From Casetext: Smarter Legal Research

Van Hook v. Kane

United States District Court, N.D. California
Aug 29, 2006
No. C 05-2345 PJH (PR) (N.D. Cal. Aug. 29, 2006)

Opinion

No. C 05-2345 PJH (PR).

August 29, 2006


ORDER GRANTING IN PART AND DENYING IN PART RESPONDENT'S MOTION TO DISMISS


This is a habeas case filed pro se by a state prisoner. Petitioner alleges that his rights were violated when the Board of Prison Terms ("BPT") found him not suitable for parole at a hearing in 2004.

It is now called the "Board of Parole Hearings."

Respondent has moved to dismiss the action. The time to oppose the motion has expired and petitioner has not filed an opposition, so the motion is ready for decision.

DISCUSSION

In the petition, petitioner contended that: (1) His due process rights were violated in the denial of parole; (2) the BPT violated the Americans with Disabilities Act in relying on his perceived status as a drug abuser to deny parole; and (3) his due process rights were violated by the makeup of the board. Respondents contend that the petition should be dismissed because (1) the court lacks subject matter jurisdiction, because petitioner has no liberty interest in parole and therefore no federal due process rights in connection with parole decisions; (2) the ADA claim is not exhausted; and (3) his claim regarding the makeup of the board presents only a state law issue. 1. Liberty interest

While there is "no constitutional or inherent right of a convicted person to be conditionally released before the expiration of a valid sentence," Greenholtz v. Inmates of Nebraska Penal Corr. Complex, 442 U.S. 1, 7 (1979), a state's statutory parole scheme, if it uses mandatory language, may create a presumption that parole release will be granted when or unless certain designated findings are made, and thereby give rise to a constitutionally protected liberty interest, see Board of Pardons v. Allen, 482 U.S. 369, 376-78 (1987) (Montana parole statute providing that board "shall" release prisoner, subject to certain restrictions, creates due process liberty interest in release on parole); Greenholtz, 442 U.S. at 11-12 (Nebraska parole statute providing that board "shall" release prisoner, subject to certain restrictions, creates due process liberty interest in release on parole). In such a case, a prisoner has liberty interest in parole that cannot be denied without adequate procedural due process protections. See Allen, 482 U.S. at 373-81; Greenholtz, 442 U.S. at 11-16.

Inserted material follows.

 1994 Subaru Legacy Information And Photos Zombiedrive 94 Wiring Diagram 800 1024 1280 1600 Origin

California's parole scheme uses mandatory language and is similar to the schemes in Allen and Greenholtz which the Supreme Court held gave rise to a protected liberty interest in release on parole. In California, the panel or board "shall set a release date unless it determines that the gravity of the current convicted offense or offenses, or the timing and gravity of current or past convicted offense or offenses, is such that consideration of the public safety requires a more lengthy period of incarceration for this individual, and that a parole date, therefore, cannot be fixed at this meeting." Cal. Penal Code § 3041(b). Under the clearly established framework of Allen and Greenholtz, "California's parole scheme gives rise to a cognizable liberty interest in release on parole." McQuillion v. Duncan, 306 F.3d 895, 902 (9th Cir. 2002). The scheme presumes that parole release will be granted unless the statutorily defined determinations (that considerations of public safety forbid it) are made. Id.; Biggs v. Terhune, 334 F.3d 910, 915-16 (9th Cir. 2003) (finding initial refusal to set parole date for prisoner with fifteen-to-life sentence implicated prisoner's liberty interest). In sum, the structure of California's parole scheme — with its mandatory language and substantive predicates — gives rise to a federally protected liberty interest in parole such that an inmate has a federal right to due process in parole proceedings.

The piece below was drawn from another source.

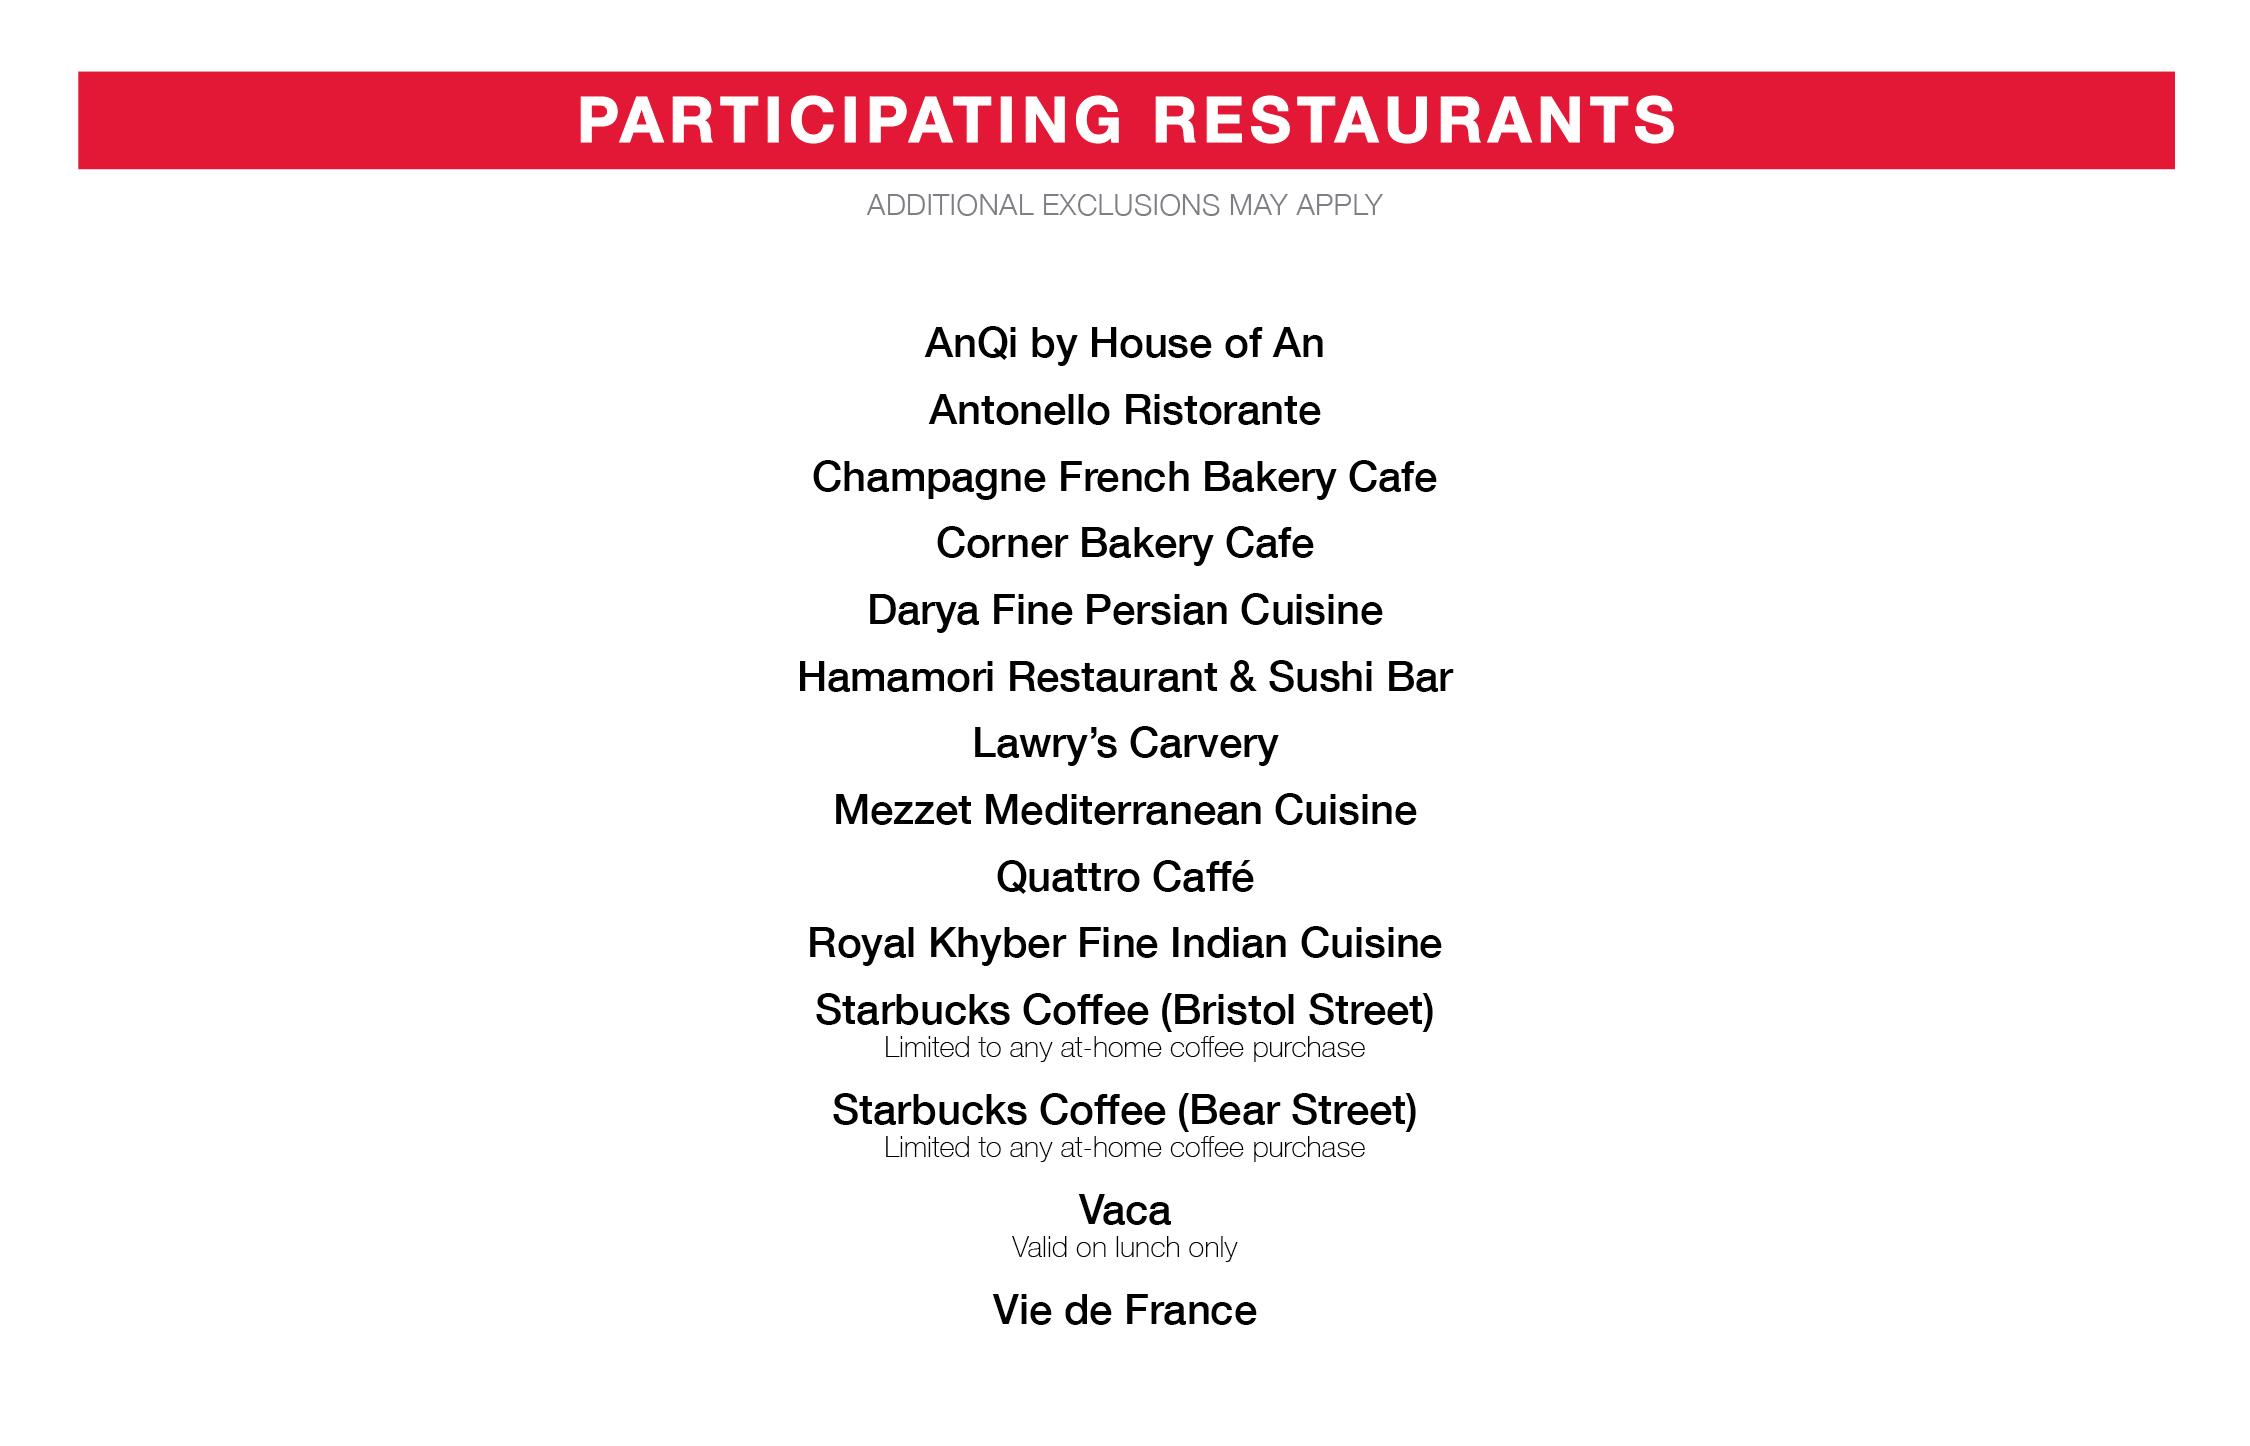 store-listing-digital-8-1-18-restaurants.png

Respondent relies on In re Dannenberg, 34 Cal. 4th 1061 (Cal.), cert. denied, 126 S. Ct. 92 (2005), as authority for his contention that the California statute does not create a liberty interest in parole. This reliance is misplaced because Dannenberg deals with subsection (a) of the parole statute, whereas the Ninth Circuit decisions finding that there is a liberty interest in parole in California rely on subsection (b). Sections 3041(a) and 3041(b) of the California parole statute serve different purposes: subsection (a) provides when the parole authorities must meet with the inmate, that they should "normally" set a parole date, and that the parole dates should be calculated to provide uniform terms. Subsection (b) provides that the board shall set a release date unless considerations of public safety forbid it. Dannenberg determined that a prisoner's individual parole suitability must be determined before the BPT attempts to set a term that would result in uniform parole dates for similar crimes — in other words, subsection (a)'s term uniformity requirement is only mandatory after the inmate has been found suitable under subsection (b). See id. at 1069-70. Dannenberg does not answer the question of whether subsection (b) creates a liberty interest in the parole suitability determination. Indeed, some language in Dannenberg seems to recognize such a liberty interest. See id. at 1095 n. 16.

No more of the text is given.